Created By : Jatin Gogia
Reviewed By : Rajasekhar Valipishetty
Last Updated : Apr 06, 2023
HCF Calculator using the Euclid Division Algorithm helps you to find the Highest common factor (HCF) easily for 980, 2456 i.e. 4 the largest integer that leaves a remainder zero for all numbers.
HCF of 980, 2456 is 4 the largest number which exactly divides all the numbers i.e. where the remainder is zero. Let us get into the working of this example.

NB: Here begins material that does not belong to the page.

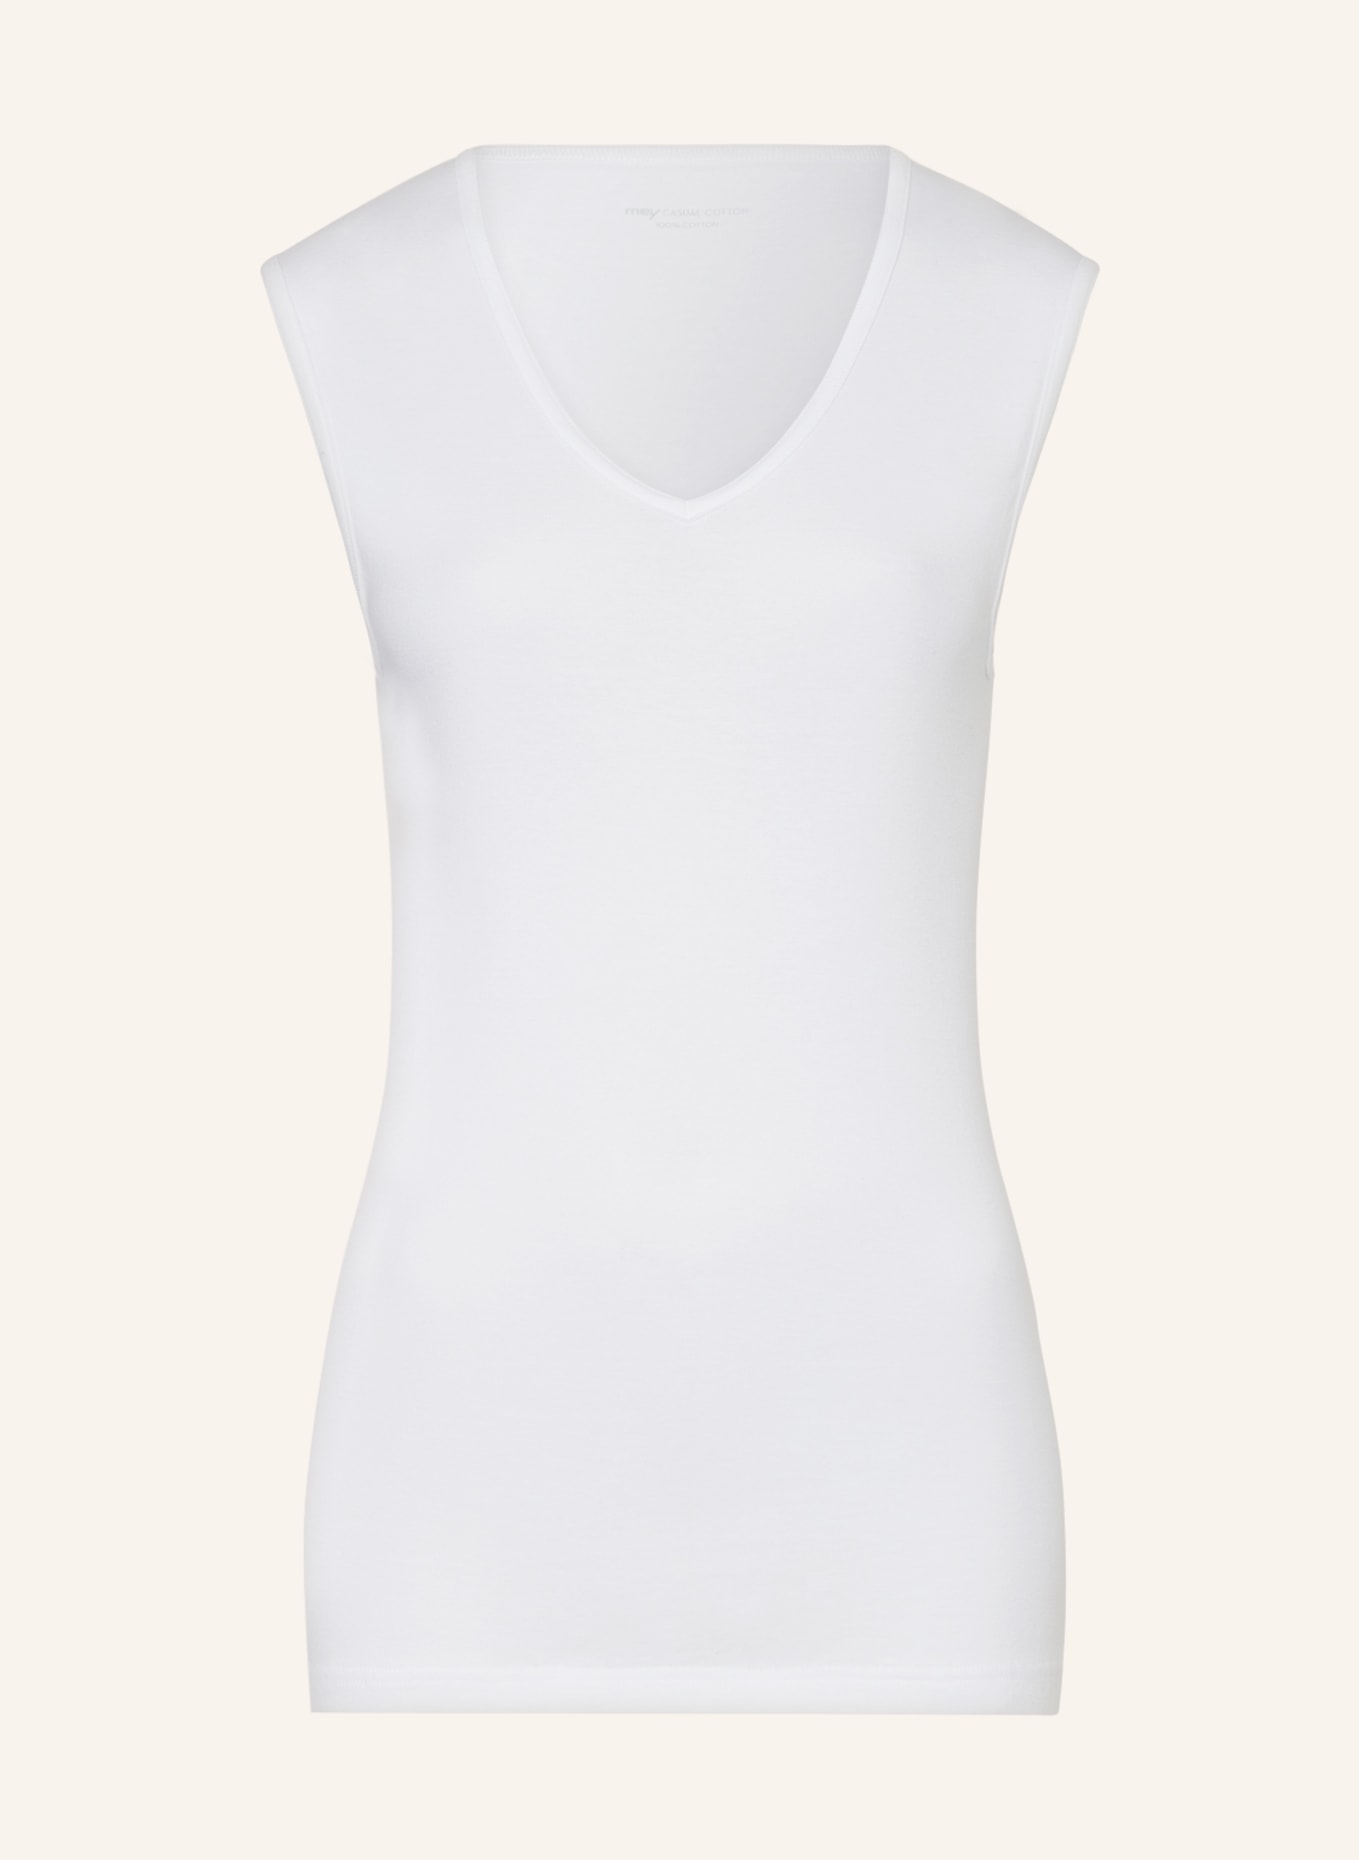 mey V-neck shirt series DRY COTTON, Color: WHITE (Image 1)

Consider we have numbers 980, 2456 and we need to find the HCF of these numbers. To do so, we need to choose the largest integer first and then as per Euclid's Division Lemma a = bq + r where 0 ≤ r ≤ b
Highest common factor (HCF) of 980, 2456 is 4.
HCF(980, 2456) = 4
Highest common factor or Highest common divisor (hcd) can be calculated by Euclid's algotithm.
Highest common factor (HCF) of 980, 2456 is 4.
Step 1: Since 2456 > 980, we apply the division lemma to 2456 and 980, to get
2456 = 980 x 2 + 496
Step 2: Since the reminder 980 ≠ 0, we apply division lemma to 496 and 980, to get
980 = 496 x 1 + 484
Step 3: We consider the new divisor 496 and the new remainder 484, and apply the division lemma to get
496 = 484 x 1 + 12
We consider the new divisor 484 and the new remainder 12,and apply the division lemma to get
484 = 12 x 40 + 4
We consider the new divisor 12 and the new remainder 4,and apply the division lemma to get
12 = 4 x 3 + 0
The remainder has now become zero, so our procedure stops. Since the divisor at this stage is 4, the HCF of 980 and 2456 is 4
Notice that 4 = HCF(12,4) = HCF(484,12) = HCF(496,484) = HCF(980,496) = HCF(2456,980) .
Here are some samples of HCF using Euclid's Algorithm calculations.
1. What is the Euclid division algorithm?
Answer: Euclid's Division Algorithm is a technique to compute the Highest Common Factor (HCF) of given positive integers.
2. what is the HCF of 980, 2456?
Answer: HCF of 980, 2456 is 4 the largest number that divides all the numbers leaving a remainder zero.
3. How to find HCF of 980, 2456 using Euclid's Algorithm?
Answer: For arbitrary numbers 980, 2456 apply Euclid’s Division Lemma in succession until you obtain a remainder zero. HCF is the remainder in the last but one step.